Prep the jars: Check jars for chips. Wash jars and lids. (Optional: warm jars and lids.)
Prep the canner: Follow your canner’s instructions for filling and heating.
Remove meat from refrigerator: Take the prepared venison out so it’s ready to pack.
Add salt (optional): Add 1 teaspoon to each quart jar or ½ teaspoon to each pint jar.
Pack the jars: Fill warm jars loosely with raw venison, leaving 1 inch of headspace at the top.
Remove air pockets: Slide a butter knife or headspace tool down the inside of the jar and carefully drag it around the perimeter to release trapped air. Adjust meat if needed to maintain proper headspace.
Clean rims and apply lids: Wipe jar rims with a clean, damp cloth.
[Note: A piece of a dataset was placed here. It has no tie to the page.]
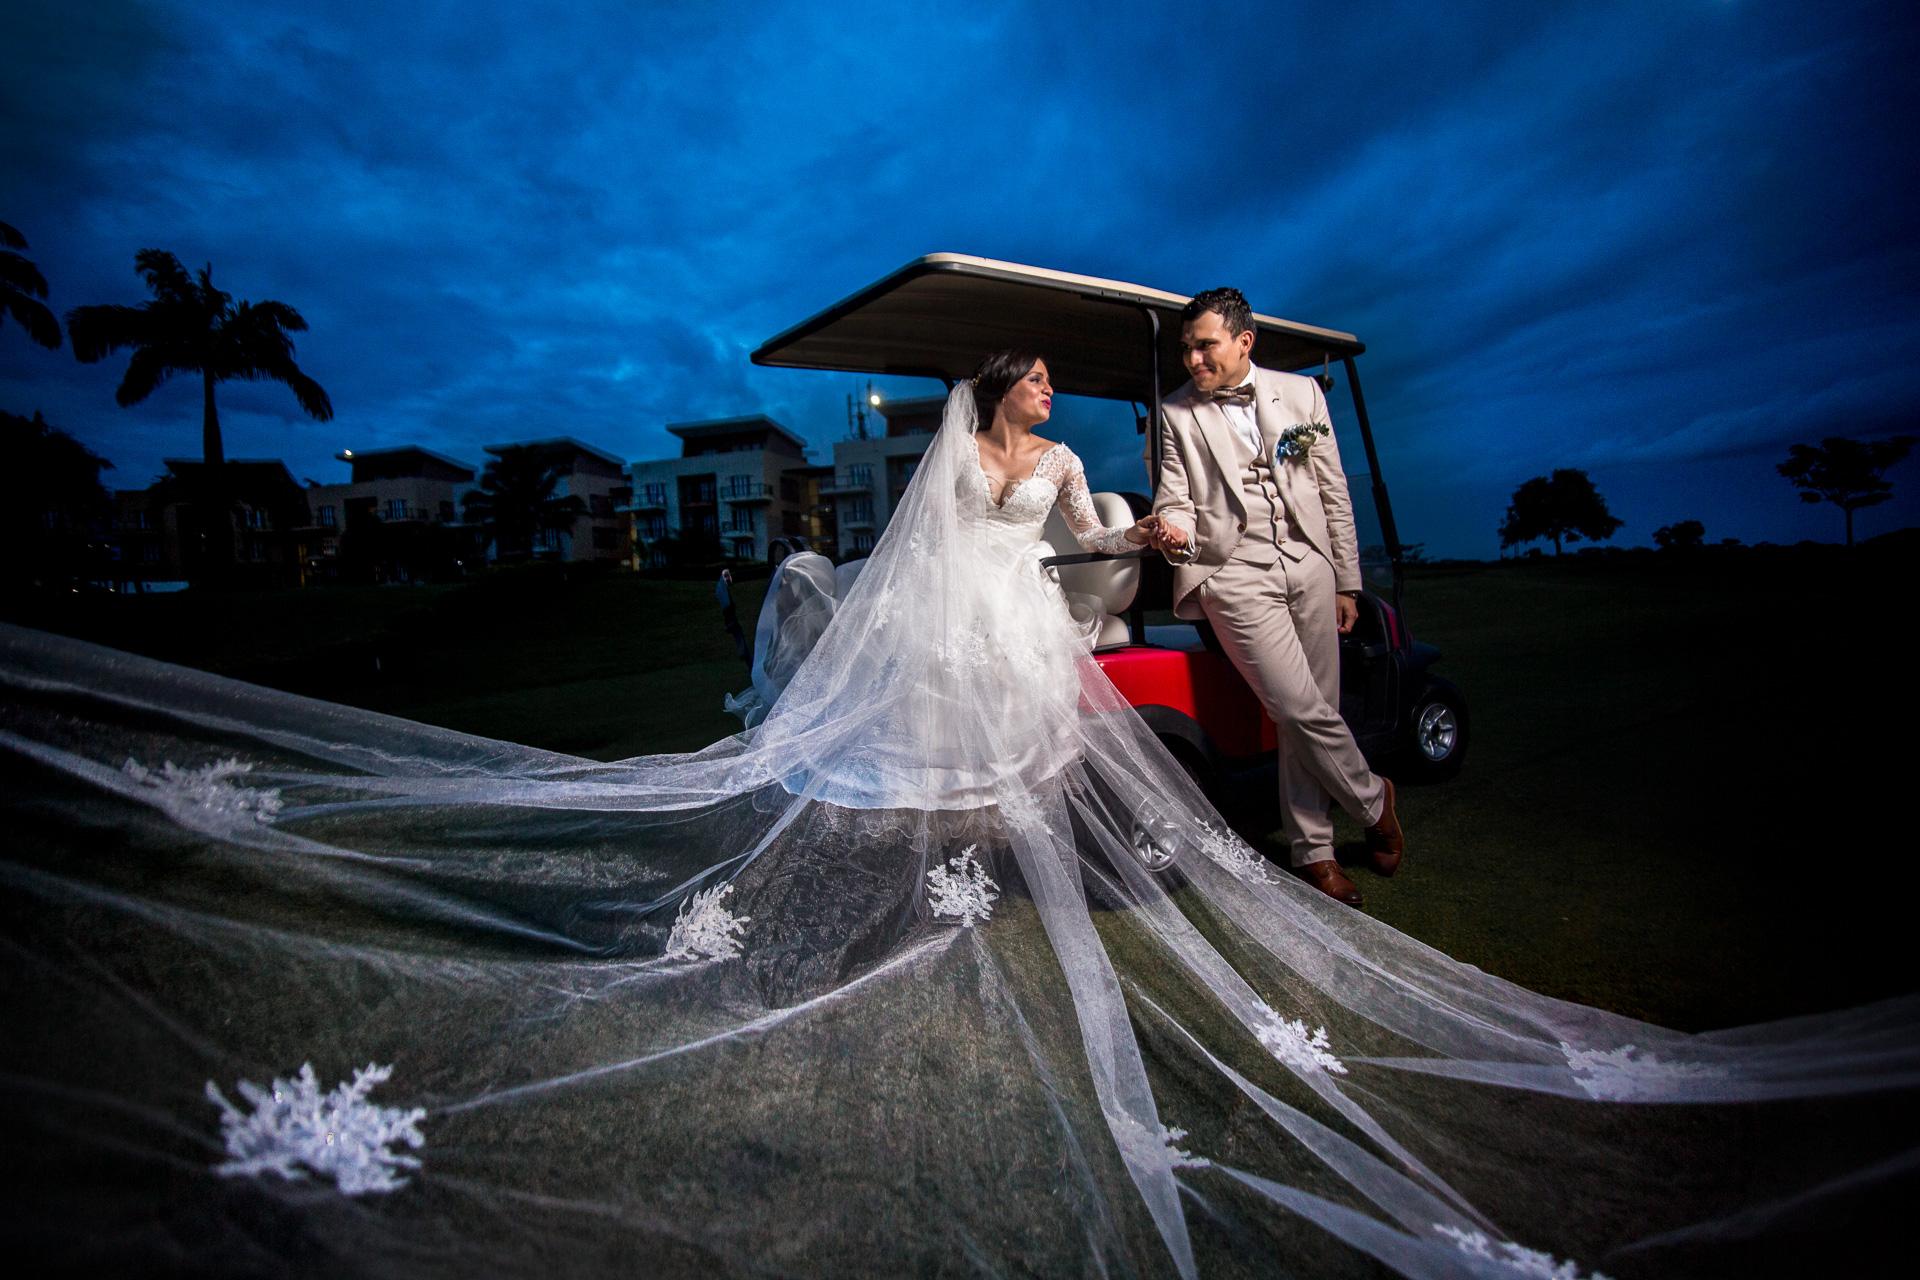 Fotógrafos-de-bodas-en-Colombia-Sthephanie-y-David-44 STEPHANIE + DAVID

Place lids on jars and screw bands on fingertip tight.
Load the pressure canner: Using a jar lifter, place jars into the prepared pressure canner, leaving space between jars as recommended by the manufacturer.
Vent the canner: Secure the lid and heat on medium-high until a steady stream of steam escapes. Vent steam for a full 10 minutes.
Bring to pressure: Heat the canner according to the manufacturer’s directions until it reaches the correct pressure for your altitude. Begin timing only once pressure is fully reached and maintained.
Process jars: Pints – 75 minutes; Quarts – 90 minutes. Maintain pressure for the full time.
Cool the canner: Turn off the heat and let the pressure drop naturally until the canner is fully depressurized.
Remove jars: Carefully open the lid away from you and use a jar lifter to remove jars. Place on a towel to cool.
Cool and check seals: Let jars cool undisturbed for 24 hours. Check seals, remove rings, label jars, and store in a cool, dark location.
Notes
Tips & Notes:
No added liquid needed: The venison releases its own juices during canning, filling the jar with flavorful broth.
Do not overpack jars: Leave some space for the meat to settle naturally.
Canner venting: Vent the canner for exactly 10 minutes—no longer. Processing beyond recommended time can warp the canner.
Salt is optional: Add salt before canning if desired; other seasonings can be added later when cooking.
Jar safety: Warm jars before filling to prevent breakage. Preheating lids in warm water is recommended, but boiling isn’t necessary.
Storage: Keep sealed jars in a cool, dark place. Best quality is within 12–18 months. Always check seals before using.